Many long-range forecasts of technical feasibility dramatically under-estimate the power of future tech because they’re based on what I call the ‘intuitive linear’ view of technological progress rather than the ‘historical exponential view.’ It’s not the case that we’ll experience 100 years of progress in the 21st century. Instead, we’ll witness on the order of 20,000 years of progress — at today’s rate of progress, that is.

The rate of progress isn’t constant.

Careful consideration of the pace of technology shows that the rate of progress isn’t constant, but it’s human nature to simply adapt to the changing pace. So the intuitive view is that the pace will continue — at the current rate. Even for those of us who’ve lived through a long period of tech progress — to experience how the pace increases over time — our unexamined intuition still provides the impression that progress changes at the rate we’ve recently experienced.

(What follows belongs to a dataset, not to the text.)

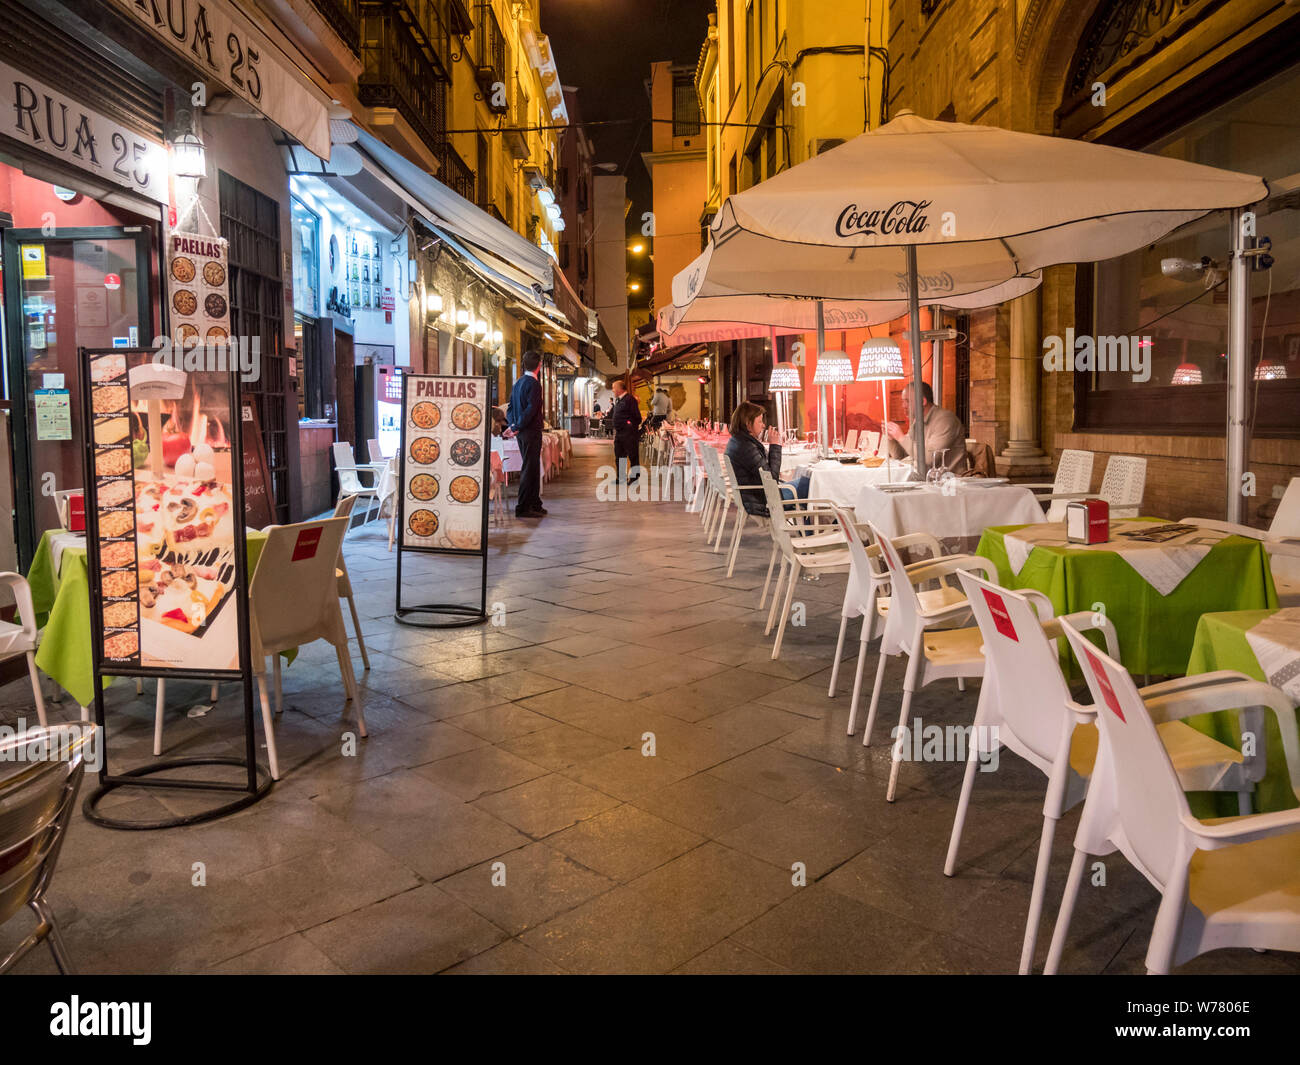 Une rue bordée de cafés et restaurants de nuit à Seviile Espagne avec des gens assis à des tables dehors, sur le trottoir et les serveurs en attente de cust Banque D'Images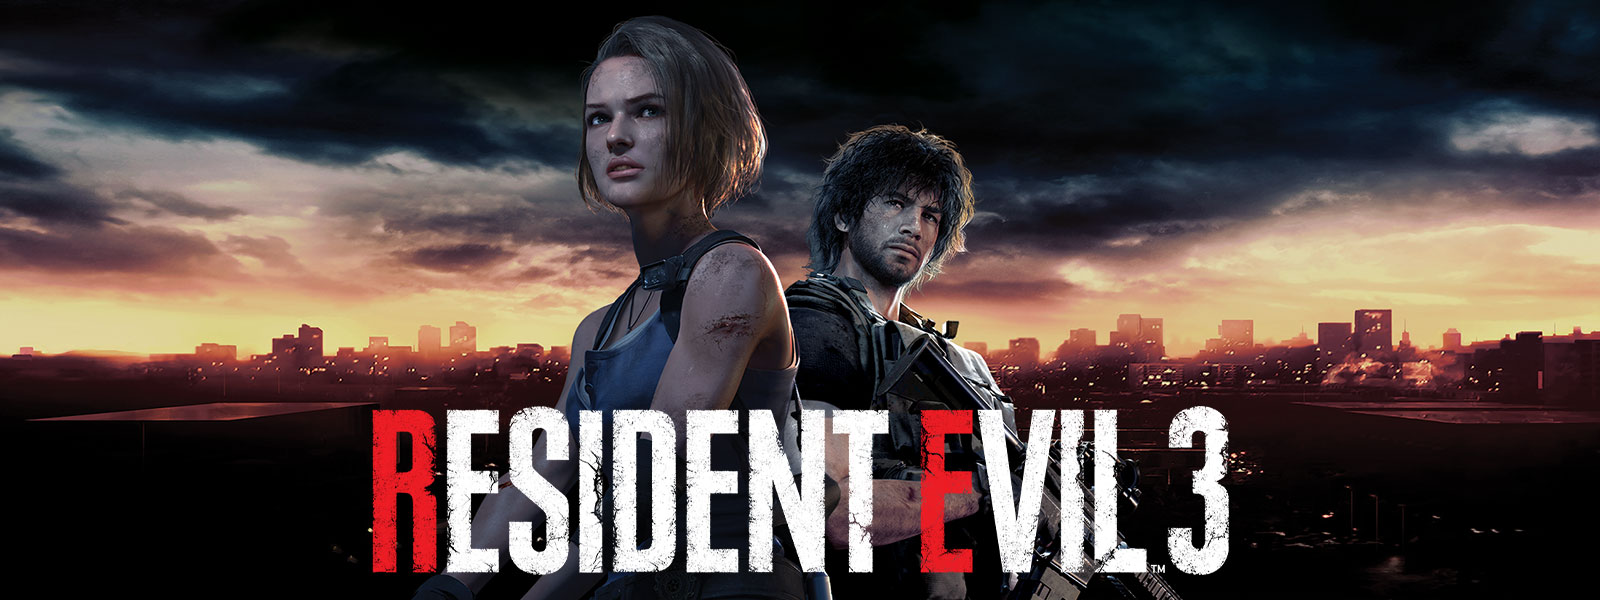 Resident Evil 3, Jill Valentine en Carlos Oliveira staan voor de skyline van Raccoon City

One reason for this is an exponential curve approximates a straight line when viewed for a brief duration. So even though the rate of progress in the very recent past (i.e. this past year) is far greater than it was 10 years ago — let alone 100 or 1,000 years ago — our memories are dominated by our very recent experience. It’s typical even for sophisticated analysts, when thinking about tomorrow, to extrapolate the current pace of change over the next 10 years or 100 years. That’s why I call this way of looking at the future the ‘intuitive linear’ view.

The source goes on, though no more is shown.